I've tested it myself and I'm not experiencing any issues.

The VCL code

Here's the standard vmod_purge example VCL code I took from https://varnish-cache.org/docs/6.0/reference/vmod_generated.html#example and adapted:

I removed the ACL check
I converted purge.hard() to purge.soft(0s,30s)

sub vcl_recv {
    if (req.method == "PURGE") {
        return (hash);
    }
}

sub my_purge {
    set req.http.purged = purge.soft(0s,30s);
    if (req.http.purged == "0") {
        return (synth(404));
    }
    else {
        return (synth(200));
    }
}

sub vcl_hit {
    if (req.method == "PURGE") {
        call my_purge;
    }
}

sub vcl_miss {
    if (req.method == "PURGE") {
        call my_purge;
    }
}

sub vcl_synth {
    if (req.method == "PURGE") {
        if (req.http.purged) {
            set resp.http.purged = req.http.purged;
        }
        return (deliver);
    }
}

What soft purging does

The way you've configured soft purging will ensure the object is considered stale, however because you set the grace time to 30s, async revalidation may still happen until 30 seconds past the lifetime of the object.

Example HTTP calls

Here are some example calls that illustrate what happens when soft purging takes place.
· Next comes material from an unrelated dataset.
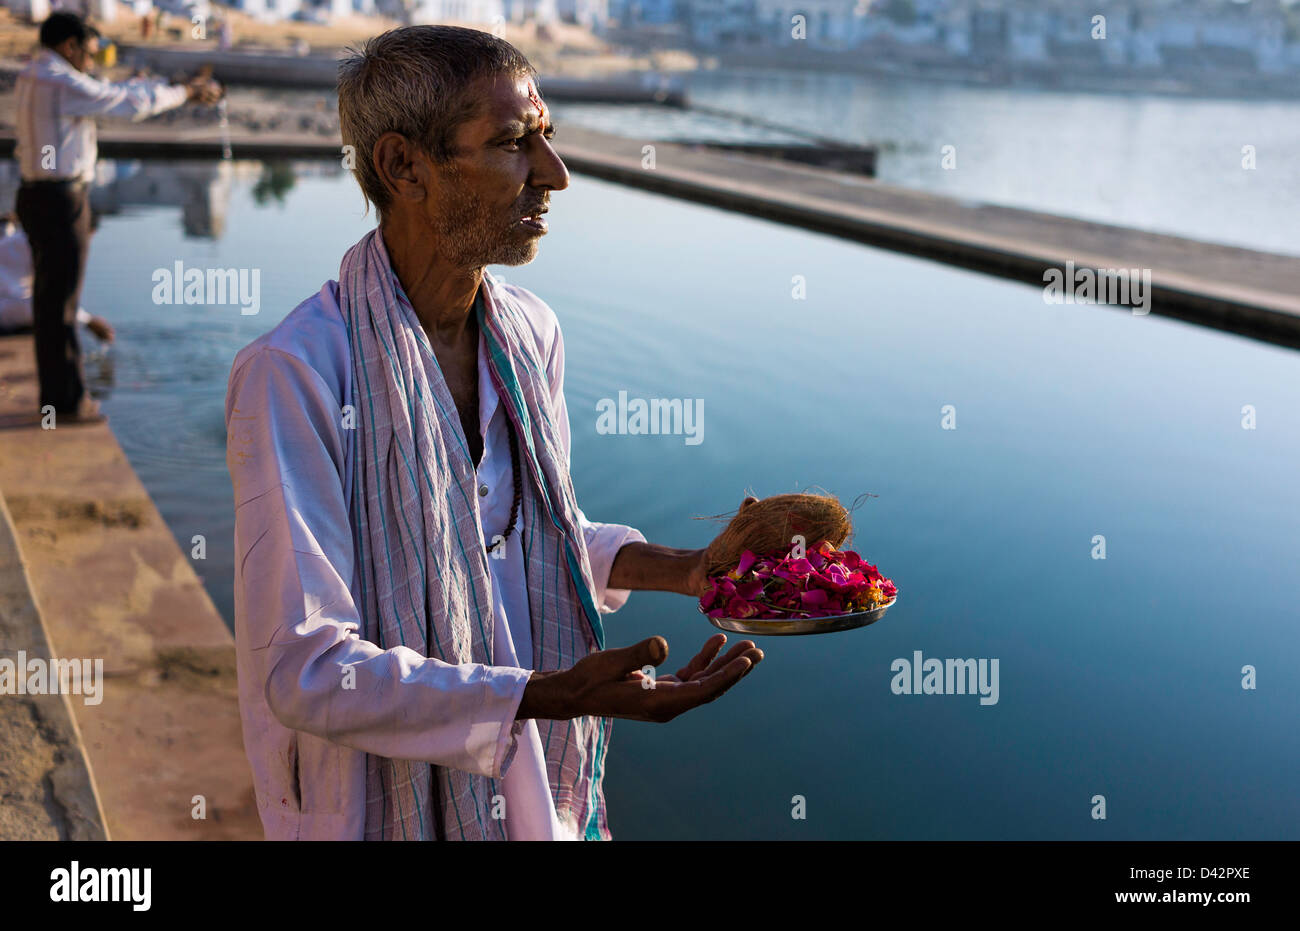 Hindu Brahmin priest offers votive offerings and prayers to the Sun God at the holy lake in Pushkar, Rajasthan, India. Stock Photo

Step 1: call the endpoint and receive a fresh object

➜  ~ curl -I localhost
HTTP/1.1 200 OK
Content-Type: application/json; charset=utf-8
Content-Length: 595
ETag: W/"253-BCiA67uc9pD4vCc07ppQaevMbj0"
Date: Thu, 22 Sep 2022 07:51:22 GMT
X-Varnish: 65546 12
Age: 18
Via: 1.1 varnish (Varnish/6.6)
Accept-Ranges: bytes
Connection: keep-alive

As you can see we're calling the http://localhost endpoint and get a result with an Age: 18 header. This means the object has been cached for 18 seconds.

Step 2: purge

➜  ~ curl -XPURGE -I localhost
HTTP/1.1 200 OK
Date: Thu, 22 Sep 2022 07:51:42 GMT
Server: Varnish
X-Varnish: 32784
purged: 1
Content-Length: 0
Accept-Ranges: bytes
Connection: keep-alive

In step 2 we're performing the soft purge. The purged: 1 header implies that 1 object was purged.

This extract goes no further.